### Directions for this task
The full listing, excluding its pictures, should be printed exactly as it stands.

### Supplied material
▽

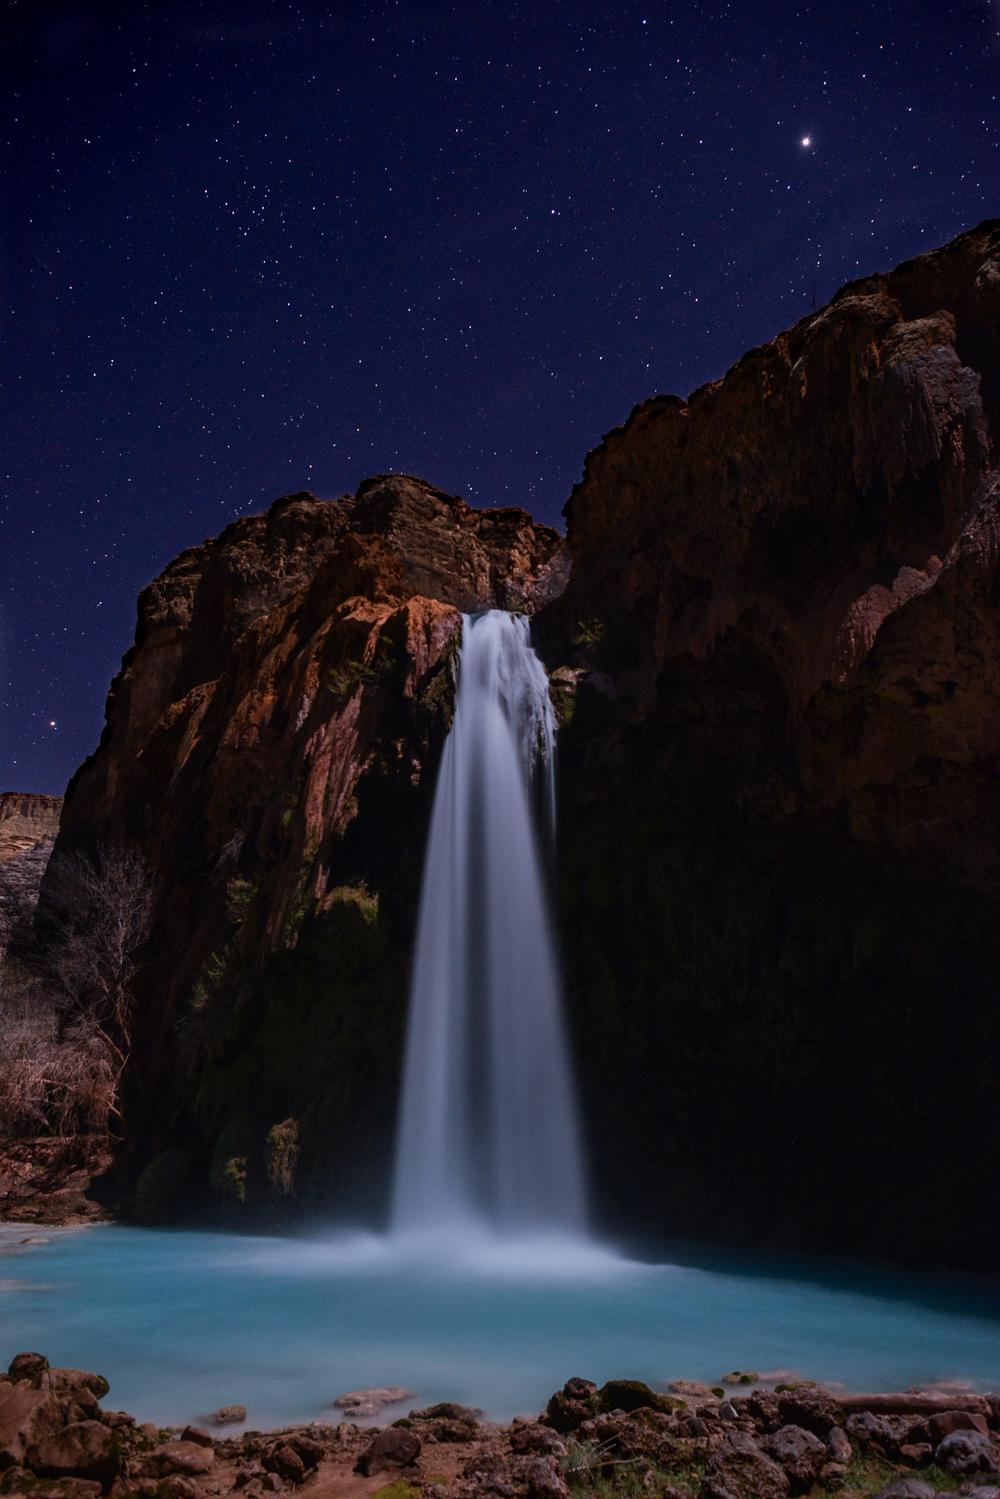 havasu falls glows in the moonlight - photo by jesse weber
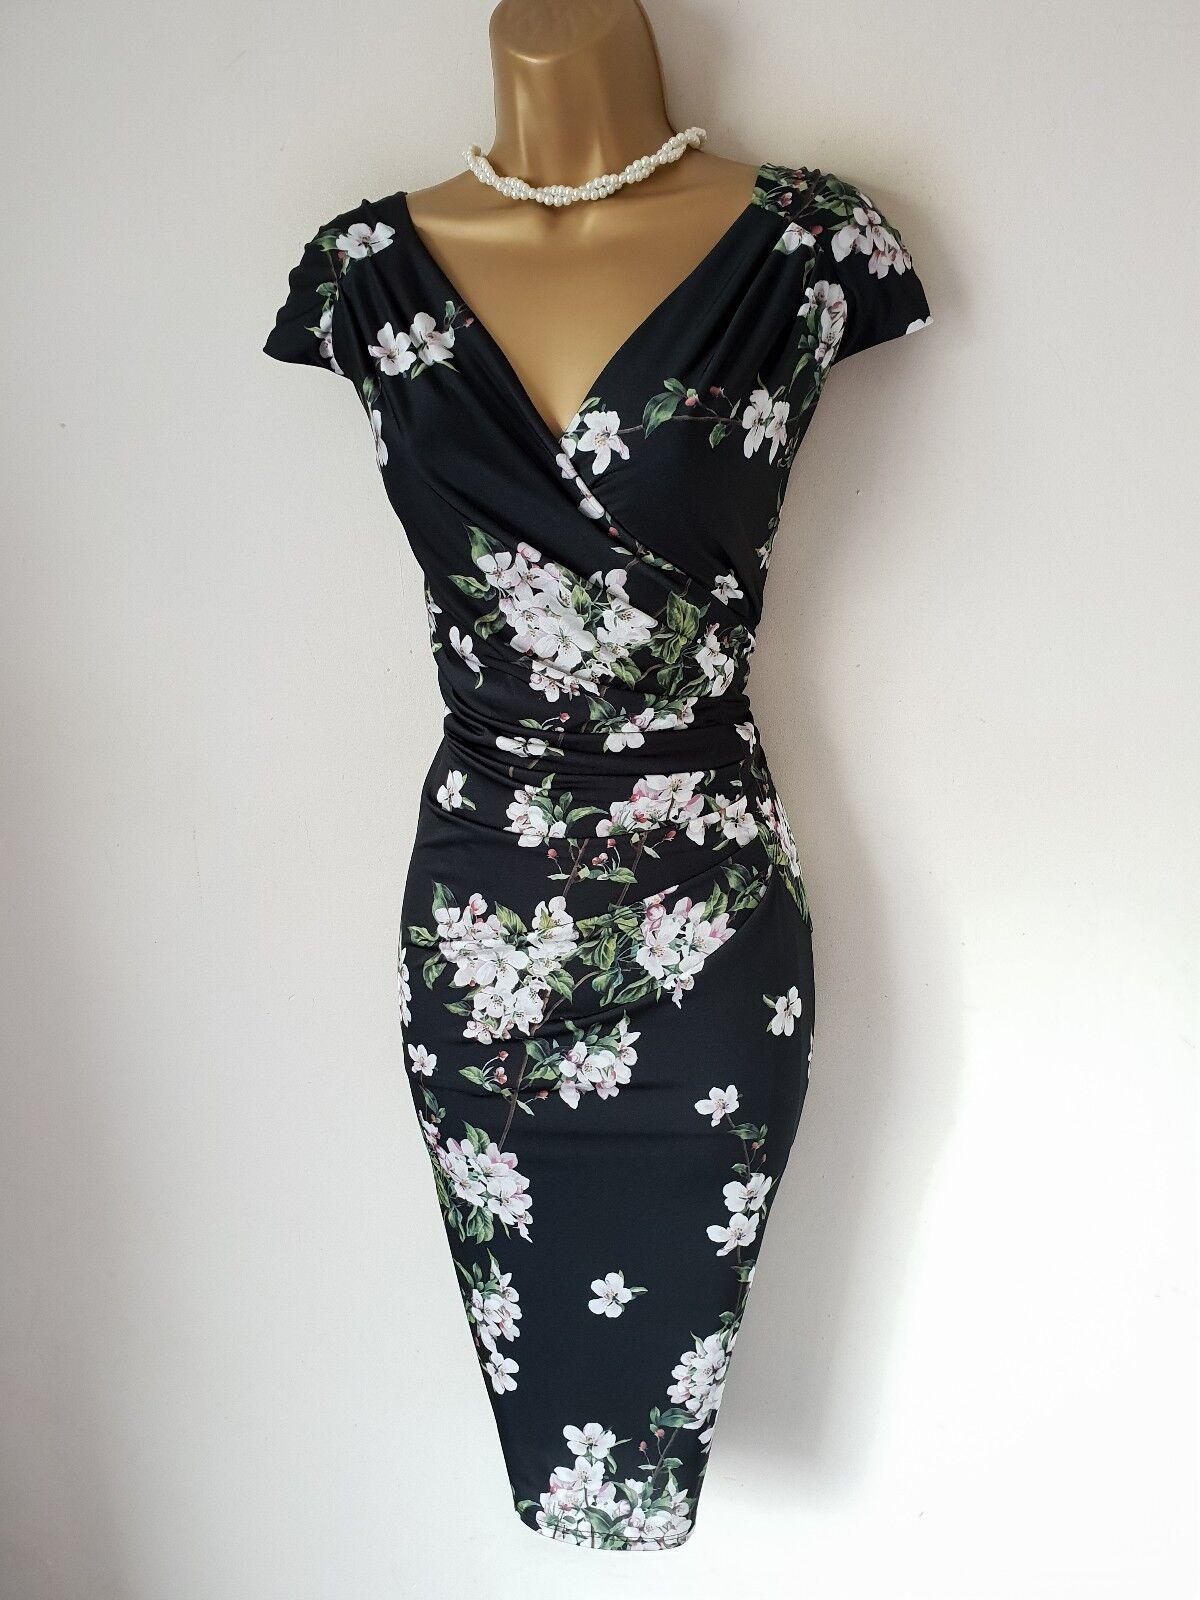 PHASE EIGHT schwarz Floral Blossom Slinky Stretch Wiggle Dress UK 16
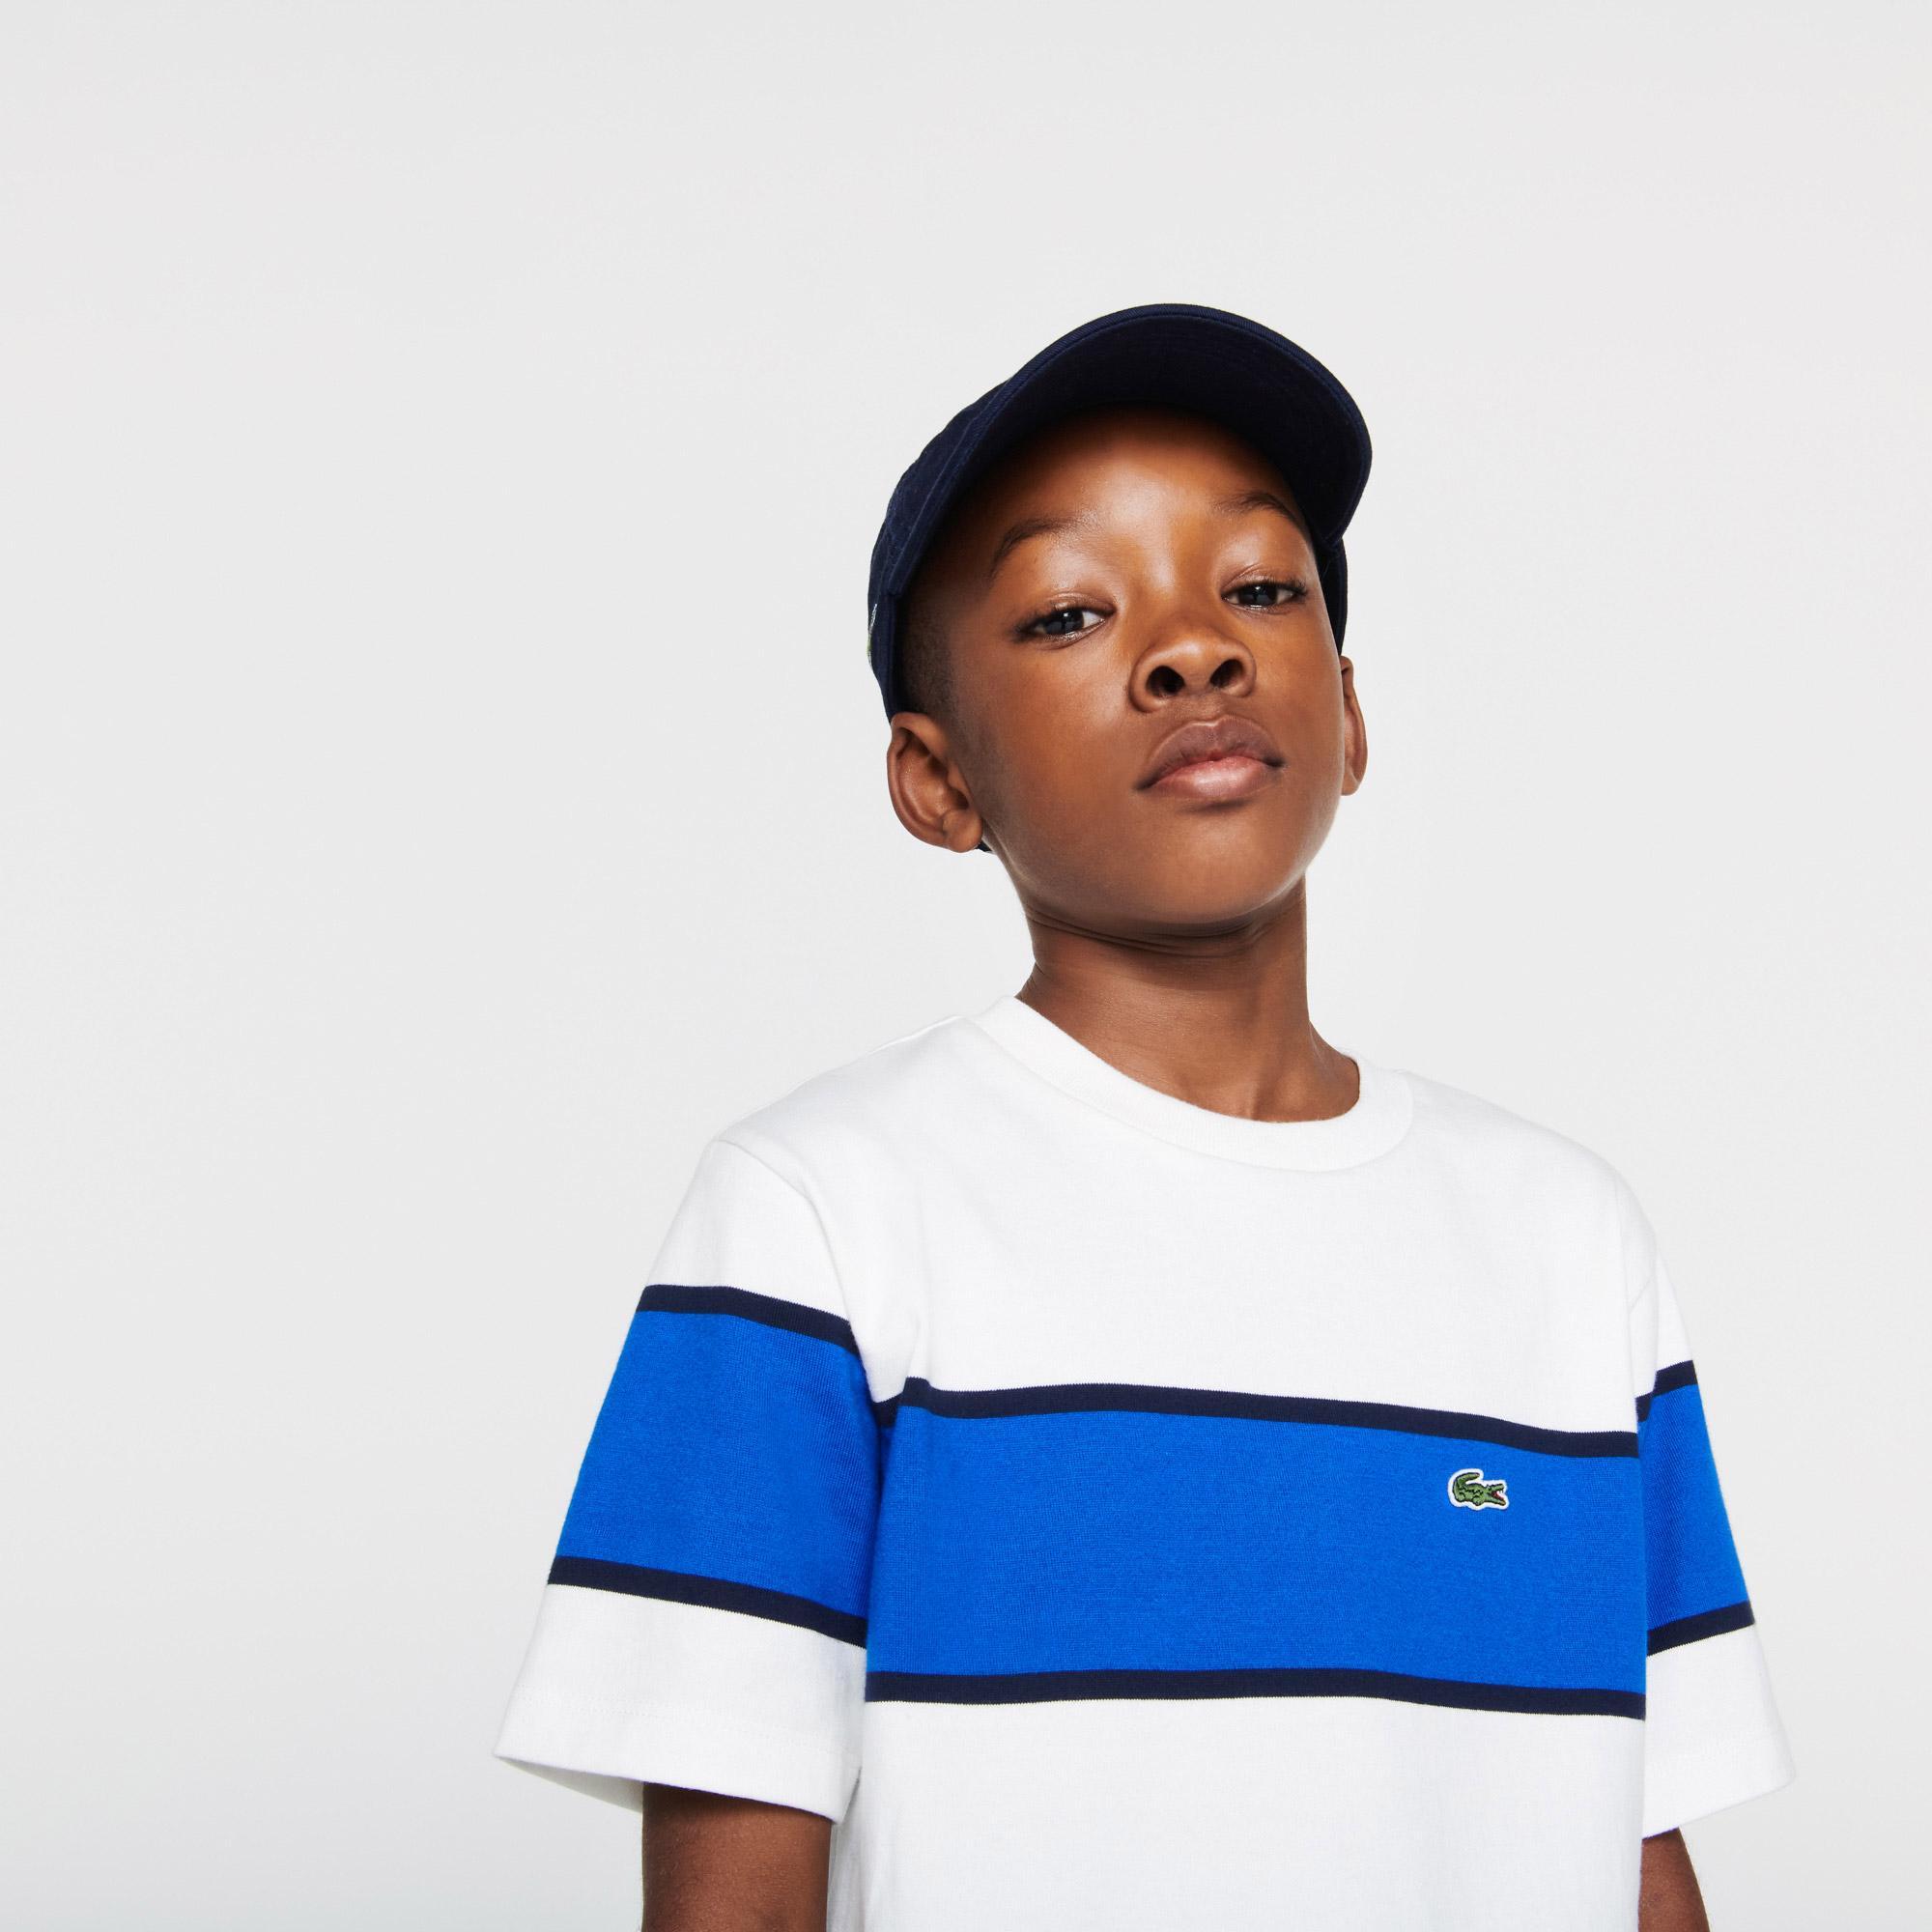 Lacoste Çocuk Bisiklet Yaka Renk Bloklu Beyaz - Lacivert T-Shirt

△

### Exercise output
 havasu falls glows in the moonlight - photo by jesse weber
 PHASE EIGHT schwarz Floral Blossom Slinky Stretch Wiggle Dress UK 16
 Lacoste Çocuk Bisiklet Yaka Renk Bloklu Beyaz - Lacivert T-Shirt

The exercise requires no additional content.